● **AIM OF THE TASK**
Take each line of the records below that contains the string "Photo" and copy it.
*** Opening DATA SHOWN ***
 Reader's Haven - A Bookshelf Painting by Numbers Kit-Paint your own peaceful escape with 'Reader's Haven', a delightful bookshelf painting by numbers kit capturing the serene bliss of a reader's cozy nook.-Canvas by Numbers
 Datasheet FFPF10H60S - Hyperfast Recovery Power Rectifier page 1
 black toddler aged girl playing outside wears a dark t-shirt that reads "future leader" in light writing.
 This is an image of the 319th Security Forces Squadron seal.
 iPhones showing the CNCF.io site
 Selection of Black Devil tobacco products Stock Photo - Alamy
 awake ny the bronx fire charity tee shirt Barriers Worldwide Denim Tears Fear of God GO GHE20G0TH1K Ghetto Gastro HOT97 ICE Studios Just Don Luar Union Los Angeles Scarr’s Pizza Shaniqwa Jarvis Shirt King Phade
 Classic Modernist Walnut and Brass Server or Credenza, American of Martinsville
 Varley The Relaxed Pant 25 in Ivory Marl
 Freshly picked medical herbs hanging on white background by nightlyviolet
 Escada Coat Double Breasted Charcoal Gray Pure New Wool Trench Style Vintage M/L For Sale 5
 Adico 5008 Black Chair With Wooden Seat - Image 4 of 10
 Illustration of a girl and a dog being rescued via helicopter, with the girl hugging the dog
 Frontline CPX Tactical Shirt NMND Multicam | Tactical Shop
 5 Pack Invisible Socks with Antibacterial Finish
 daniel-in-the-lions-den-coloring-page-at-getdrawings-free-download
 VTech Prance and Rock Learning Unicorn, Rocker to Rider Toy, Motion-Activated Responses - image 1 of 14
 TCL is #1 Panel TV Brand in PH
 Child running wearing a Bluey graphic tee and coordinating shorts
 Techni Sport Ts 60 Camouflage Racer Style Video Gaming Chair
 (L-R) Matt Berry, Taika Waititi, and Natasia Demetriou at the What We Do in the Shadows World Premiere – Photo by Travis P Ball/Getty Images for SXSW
*** Closing DATA SHOWN ***
● **SOLUTION FOR THIS TASK**
 Selection of Black Devil tobacco products Stock Photo - Alamy
 (L-R) Matt Berry, Taika Waititi, and Natasia Demetriou at the What We Do in the Shadows World Premiere – Photo by Travis P Ball/Getty Images for SXSW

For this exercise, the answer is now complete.